Hi Guys,
I'm writing a program that must display images of any size to a
screen of dimensions 320x568.
I'm handling fixing the aspect ratio myself.
I have handled the cases where both image dimensions are smaller
than screen dimensions (just print it in the middle of the screen).
And also handled where only one image dimension is larger than
one screen dimension (resize the image making the larger
image dimension match the screen dimension).

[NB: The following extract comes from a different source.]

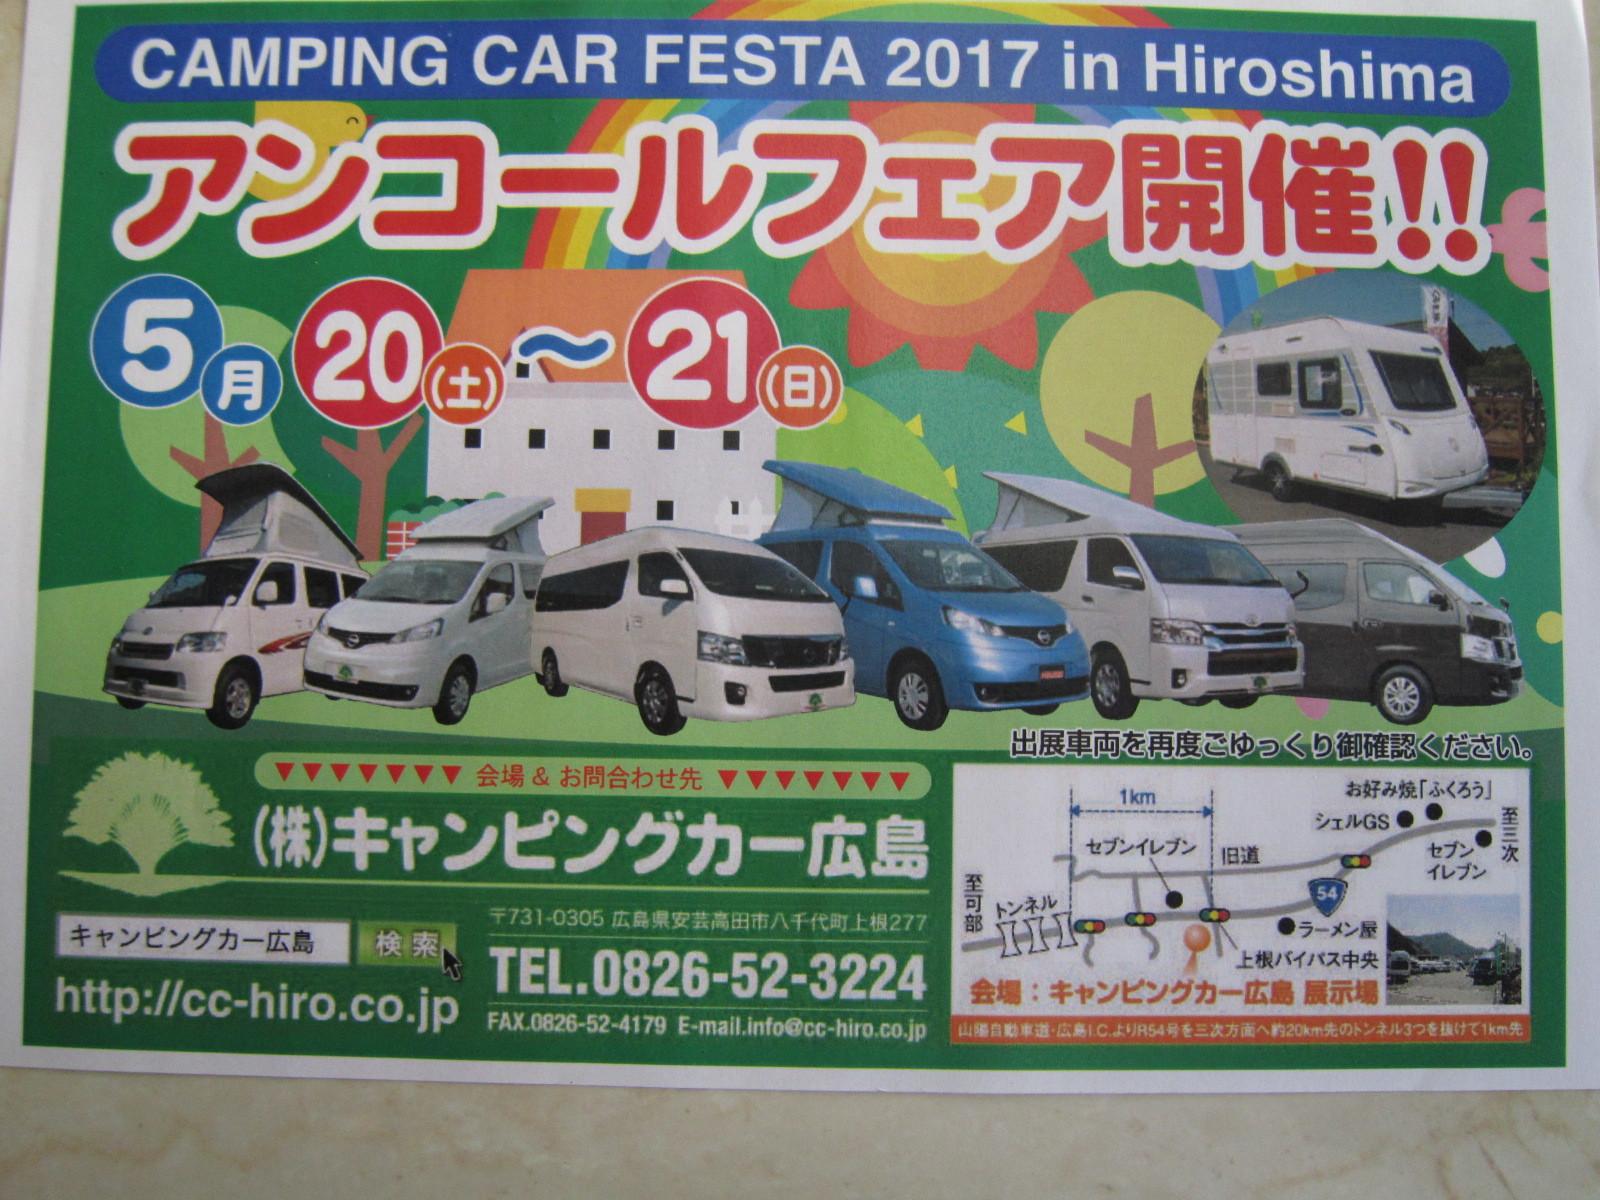 キャンピングカーフェスタ 広島 2017.5.14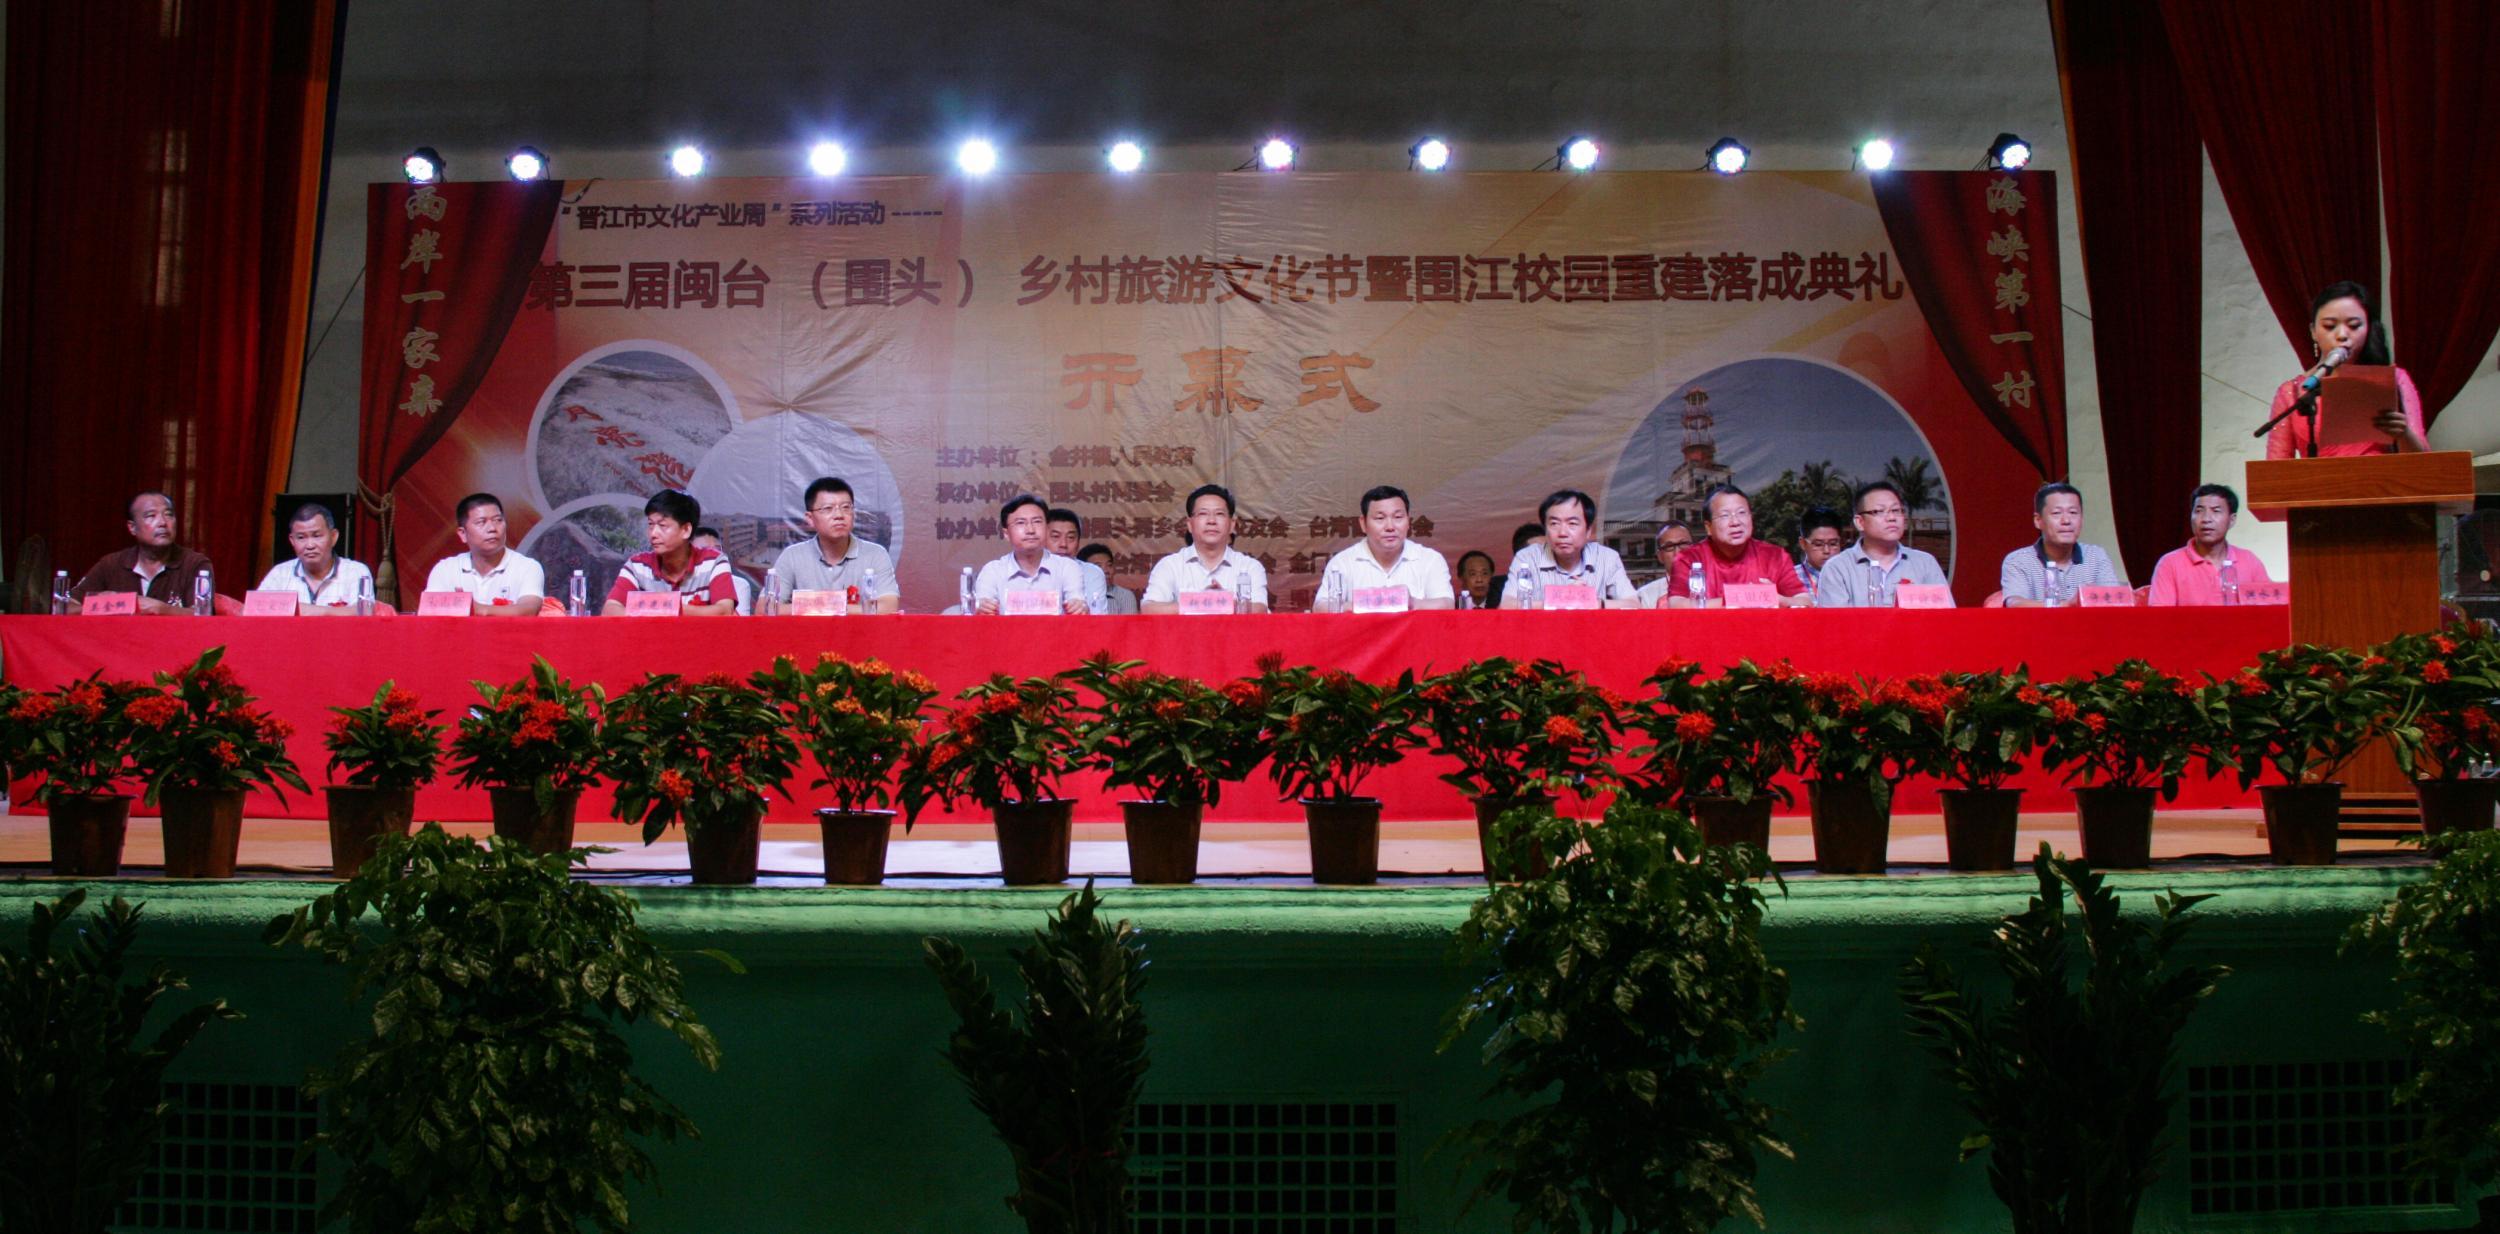 第三届闽台(围头)乡村旅游文化节系列活动

Having some trouble deciding what to do if both image dimensions
are larger than both screen dimensions:
Code:
if (oldx > 320 && oldy > 568) { // image is taller and wider than the screen
if (oldx-320 < oldy-568) {
newx = oldx / oldy * 568; // get new width
newy = 568;
posx = centerx - (newx/2); // get new x position
posy = centery - (newy/2);
} else {
newy = oldy / oldx * 320; // get new height
newx = 320;
posy = centery - (newy/2); // get new y position
posx = centerx - (newx/2);
}
}
centerx and century are just coordinates for the centre of the screen,
and might as well be 160 and 284...
They are only variables because I sometimes move the image around.
Now one example actual problem is, if the input image dimensions are
640x958, the output dimensions are 379x568 (adjusted to the wrong dimension so 379 is wider than the screen),
if the input dimensions are 534x660, the output is 320x395... Correct!!
I think the solution lies in the second if/then line.
Any help appreciated!!
EDIT,,, whoops.. posx and posy are the screen coords to draw the image.
if the image is 320x568, posx and posy should both be zero because the
image dimensions match the screen size exactly.